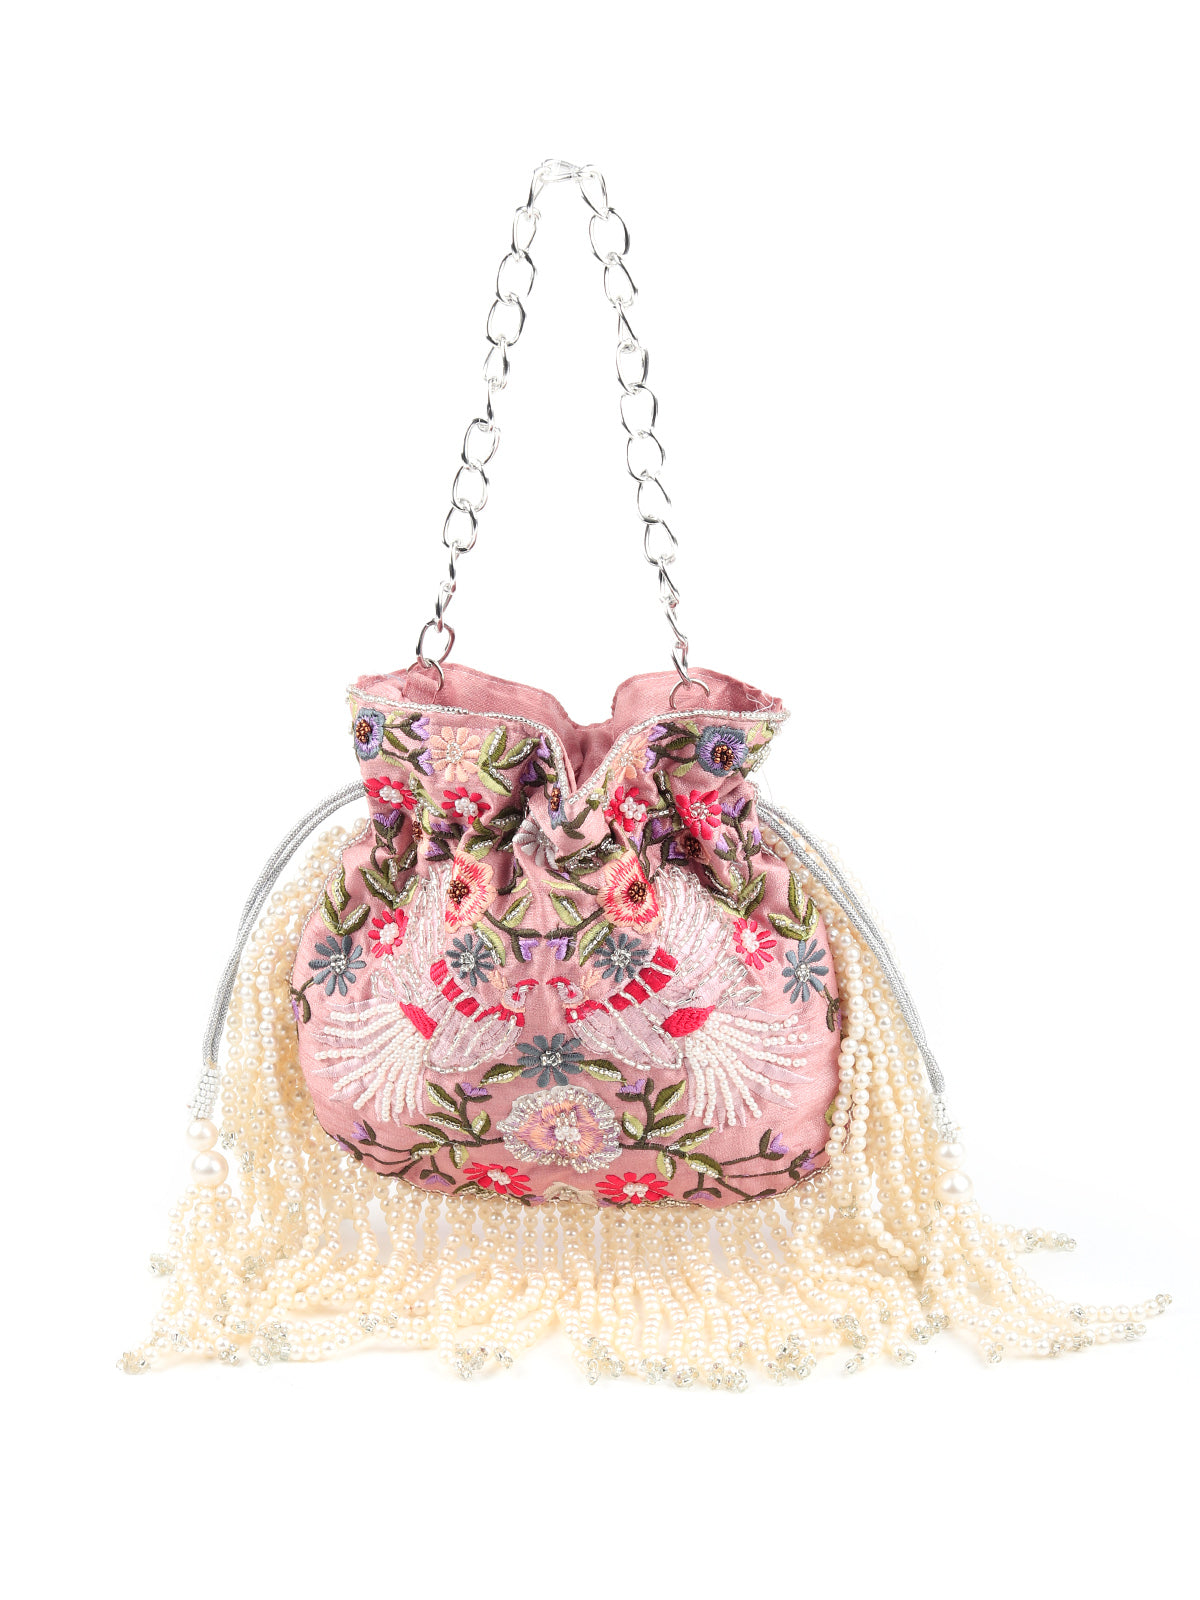 Odette - Peach Pink Embellished Beaded-Embroidered Pearly Potli Bag
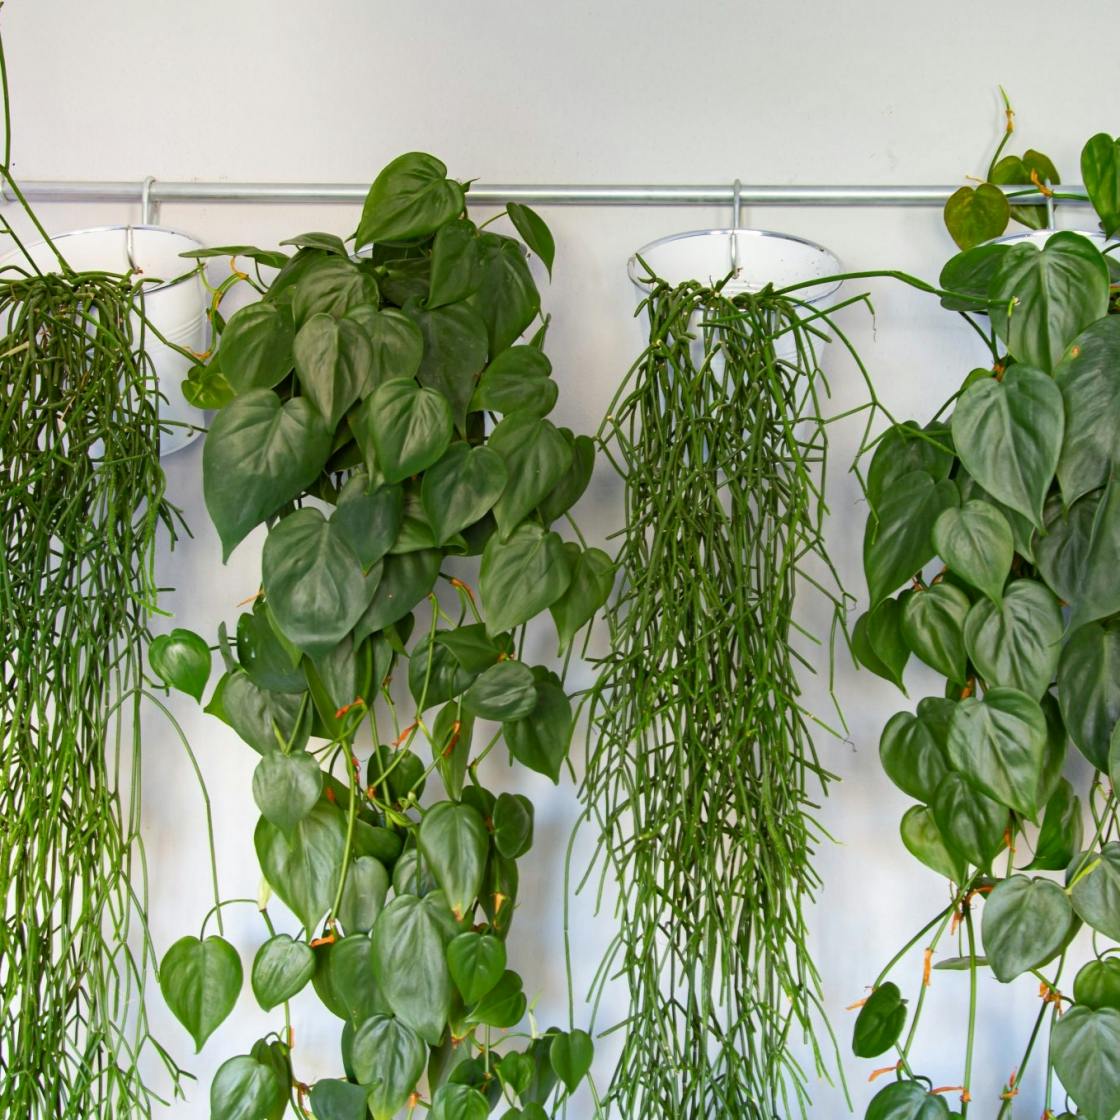 Trailing houseplants 10 hanging plants for an indoor jungle feel
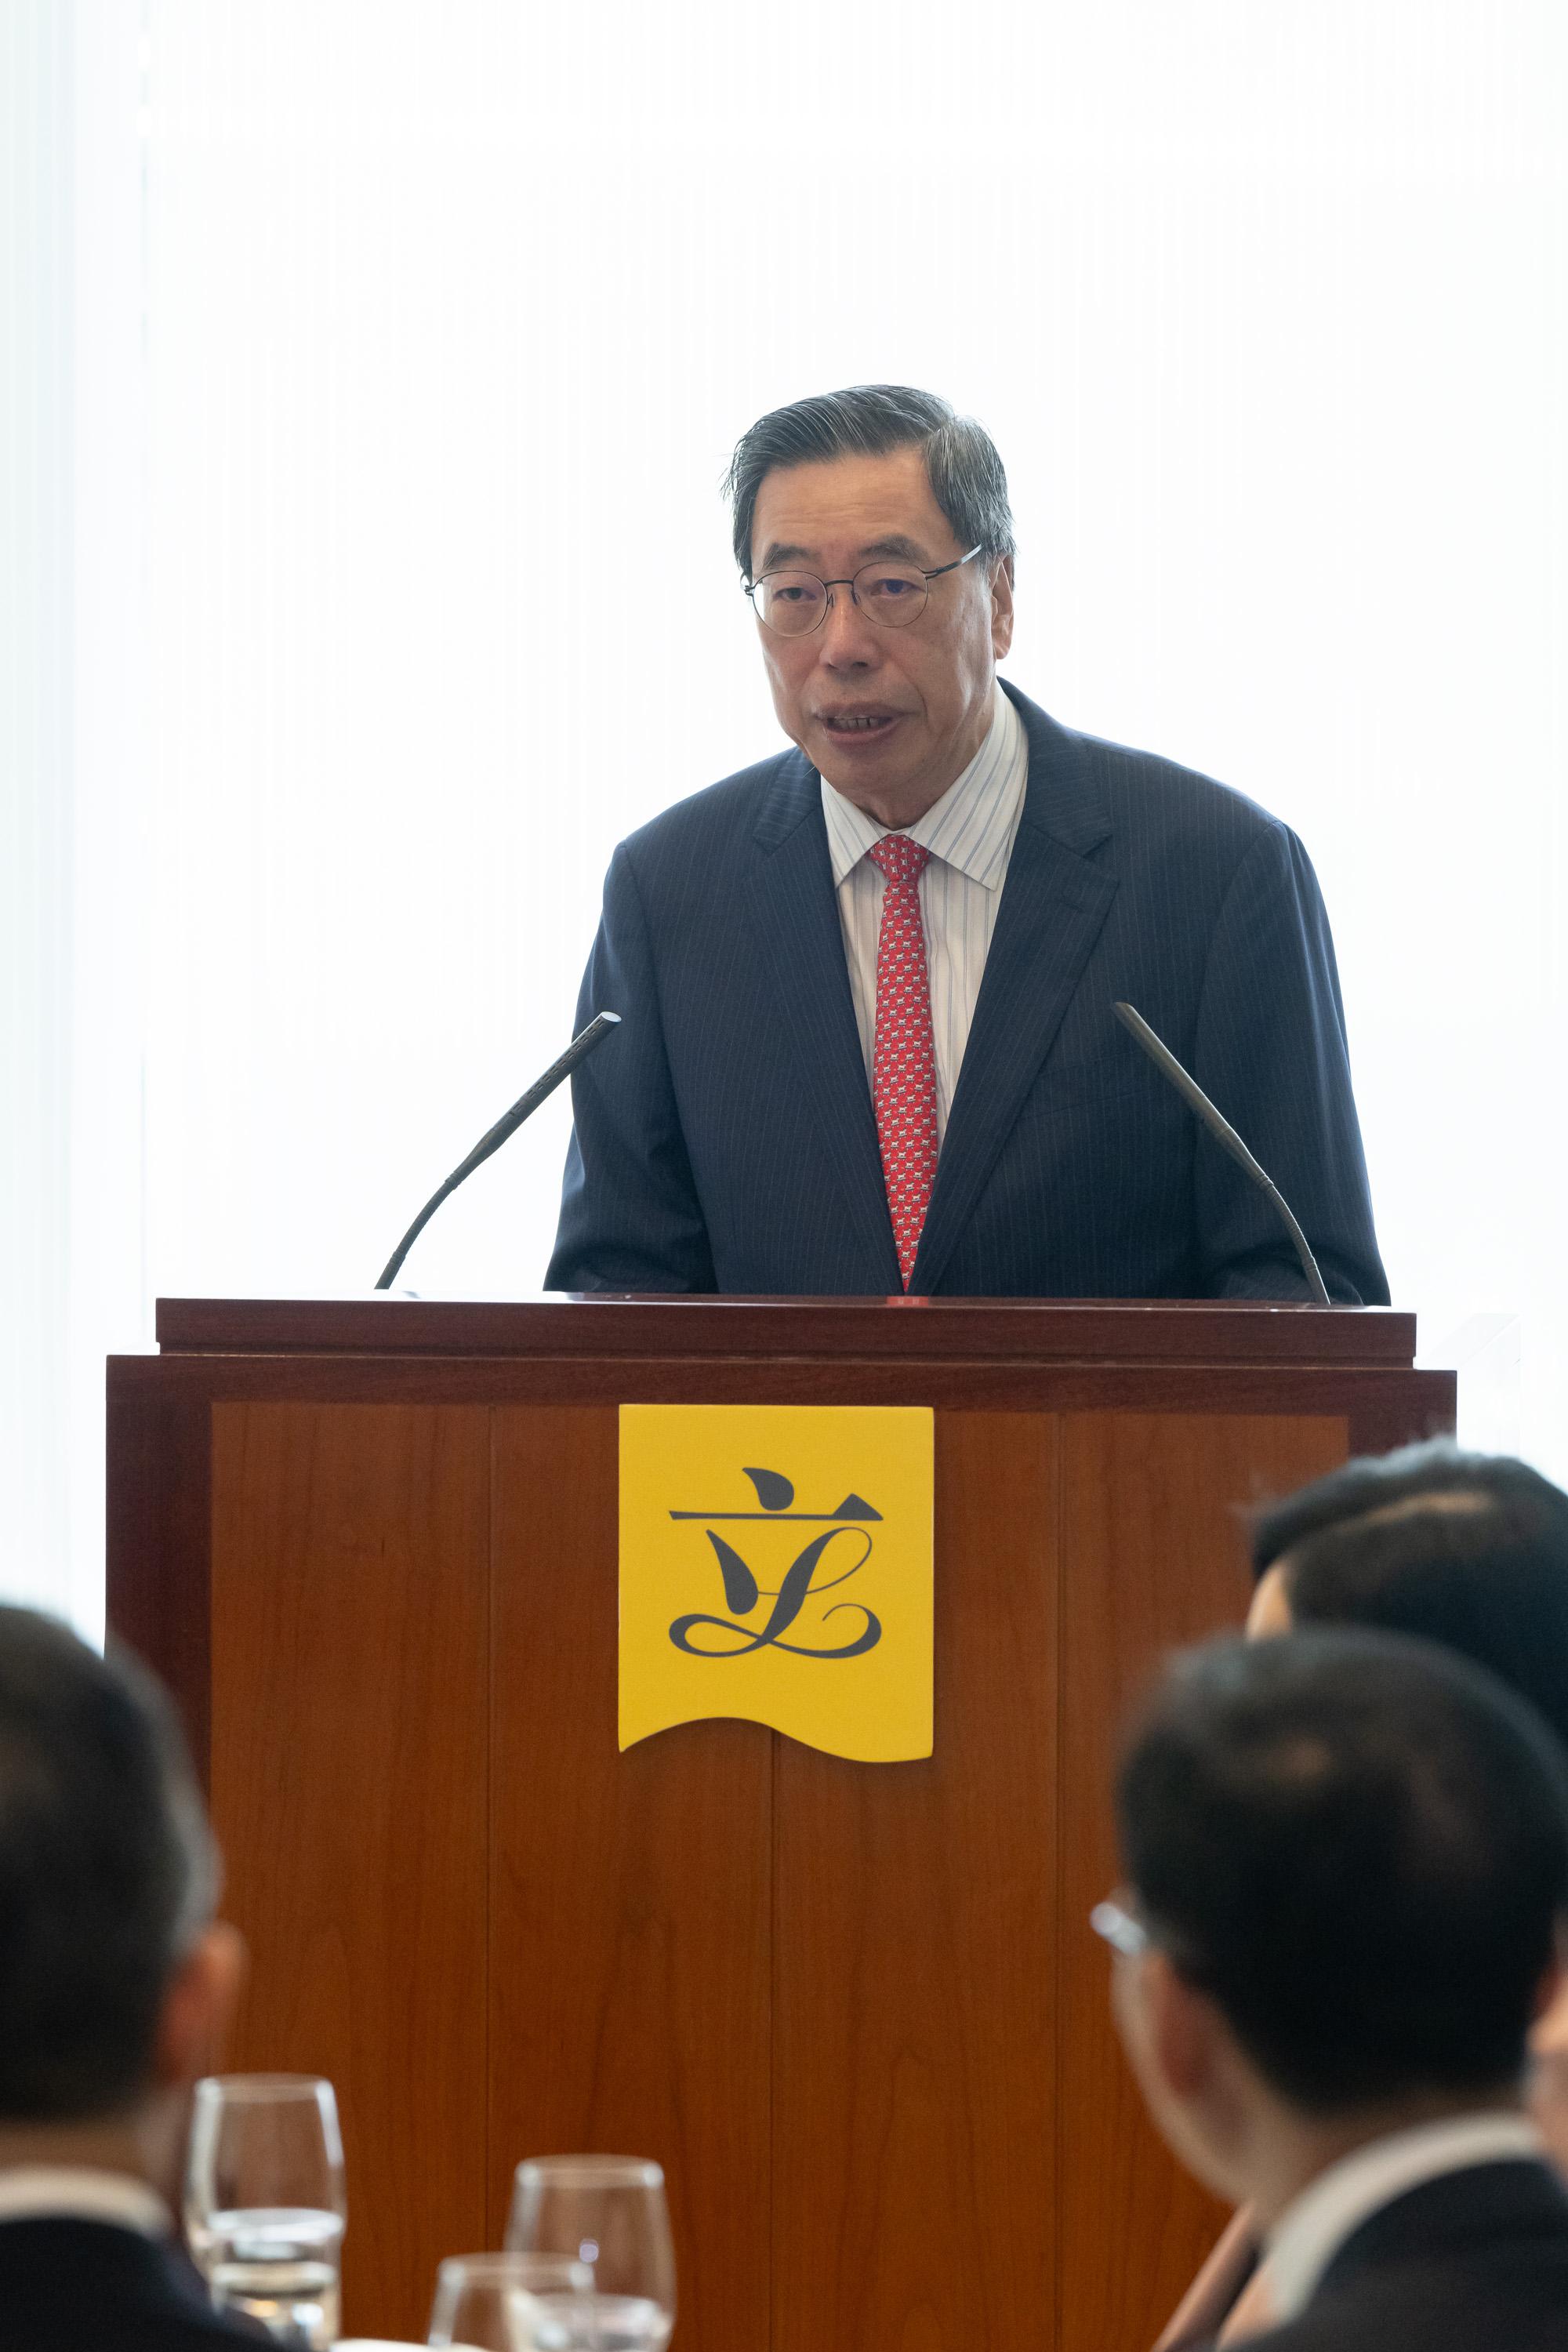 The President of the Legislative Council (LegCo), Mr Andrew Leungn, hosted a luncheon for LegCo Members and the Director and other officials of the Liaison Office of the Central People's Government in the Hong Kong Special Administrative Region. Photo shows the President of LegCo, Mr Andrew Leung, delivering a speech at the luncheon.

TASK DETAILS - Reproduce verbatim the opening line of the material and every line after it, up to and including the line with "Trailing houseplants 10", but no pictures.

SOLUTION TO THIS EXERCISE -
 Odette - Peach Pink Embellished Beaded-Embroidered Pearly Potli Bag
 Trailing houseplants 10 hanging plants for an indoor jungle feel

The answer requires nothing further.